Pixley Township is one of twelve townships in Clay County, Illinois, USA. As of the 2020 census, its population was 520 and it contained 258 housing units.

==Geography==
According to the 2010 census, the township (T4N R8E) has a total area of 45.09 sqmi, of which 45.07 sqmi (or 99.96%) is land and 0.02 sqmi (or 0.04%) is water.

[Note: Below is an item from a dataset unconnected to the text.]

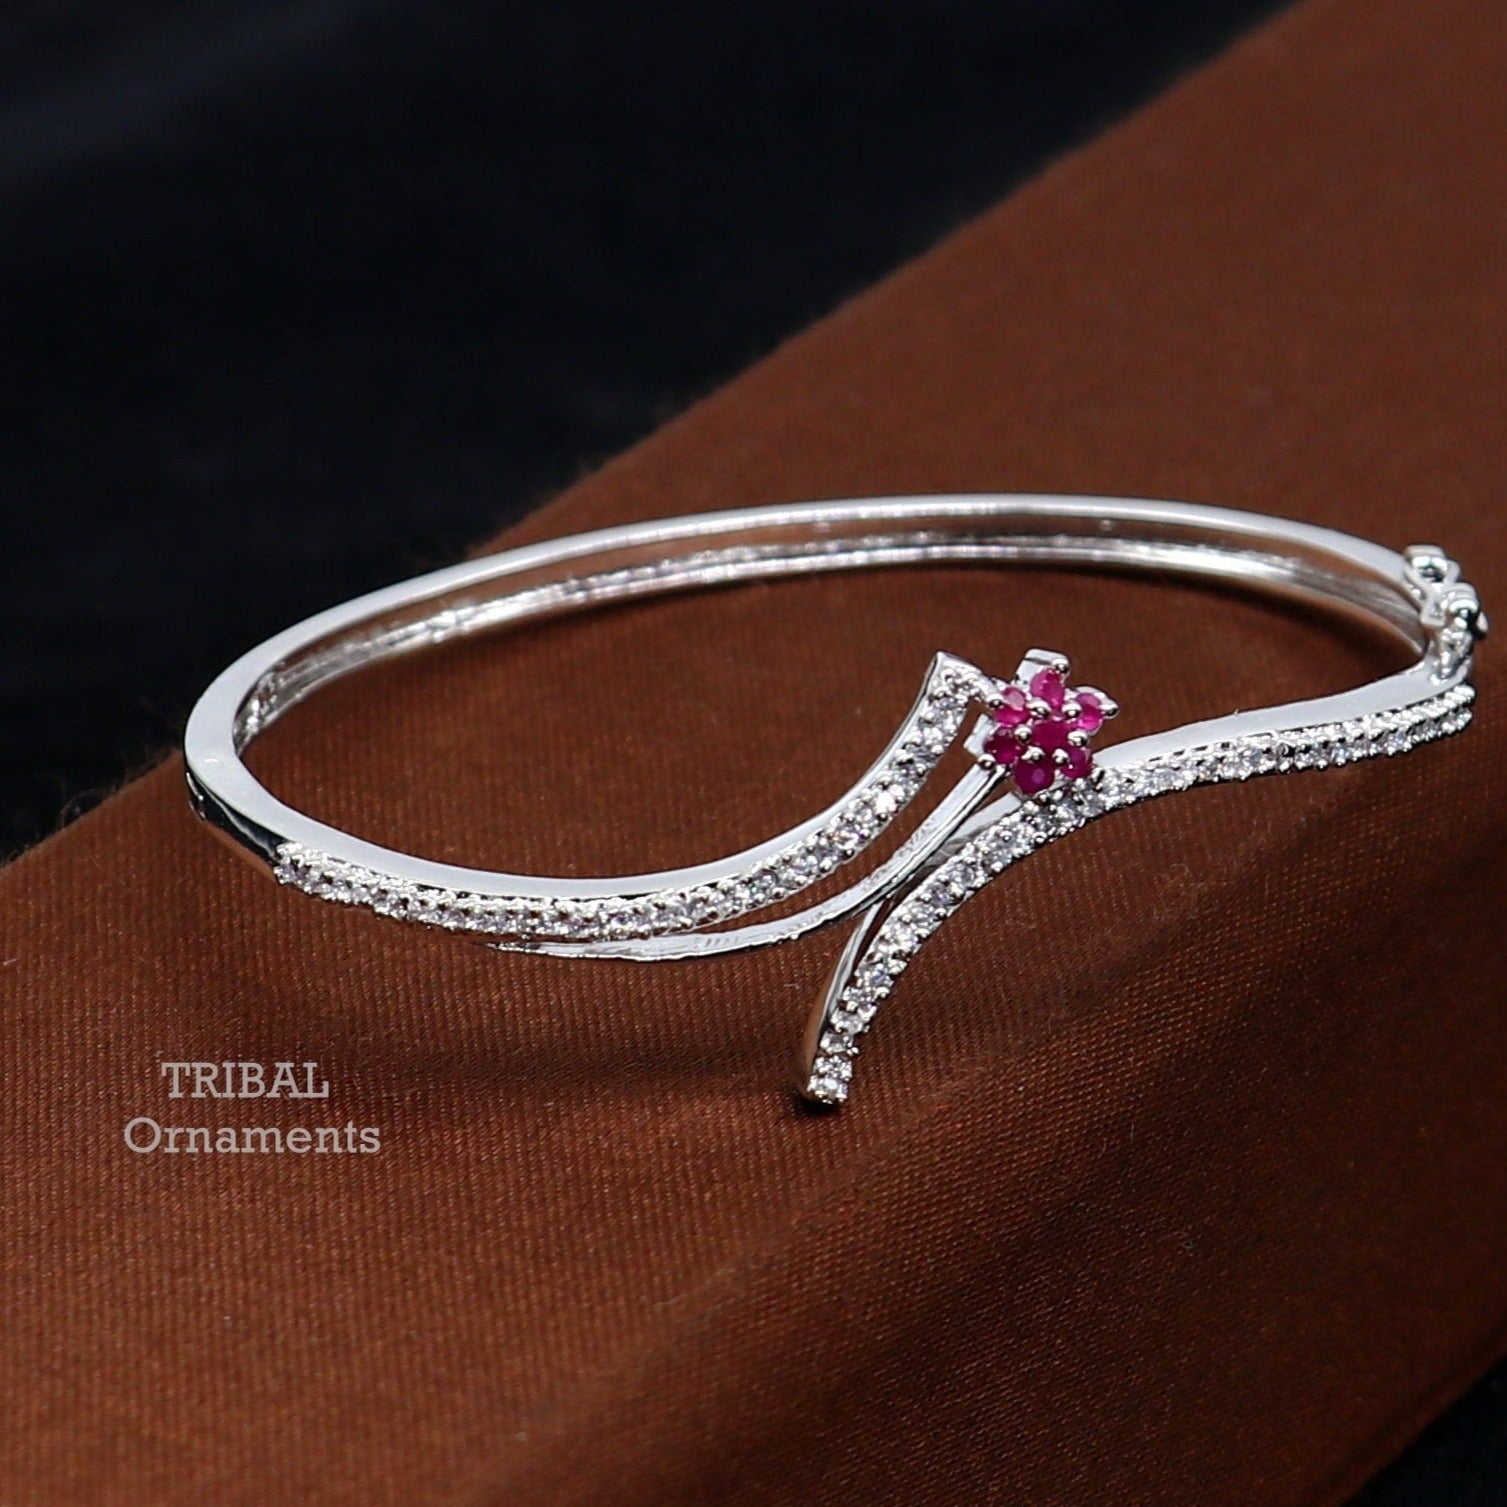 925 Sterling Silver Bracelet Stunning Italian Design Jewelry Gift | eBay

===Cities, towns, villages===
- Sailor Springs (east three-quarters)

===Unincorporated towns===
- Ingraham
- Wendelin
(This list is based on USGS data and may include former settlements.)

===Cemeteries===
The township contains these twelve cemeteries: Ditter, Ingraham, Leonard, Levitte, McKinney, Reed, Saint Johns, Smith, Weidner, Wendelin-Holy Cross, Wesley and Woods.

==Demographics==
As of the 2020 census there were 520 people, 232 households, and 182 families residing in the township. The population density was 11.53 PD/sqmi. There were 258 housing units at an average density of 5.72 /sqmi. The racial makeup of the township was 95.96% White, 0.00% African American, 0.00% Native American, 0.00% Asian, 0.00% Pacific Islander, 0.19% from other races, and 3.85% from two or more races. Hispanic or Latino of any race were 0.58% of the population.

There were 232 households, out of which 18.10% had children under the age of 18 living with them, 62.93% were married couples living together, 14.66% had a female householder with no spouse present, and 21.55% were non-families. 19.40% of all households were made up of individuals, and 3.40% had someone living alone who was 65 years of age or older. The average household size was 2.08 and the average family size was 2.20.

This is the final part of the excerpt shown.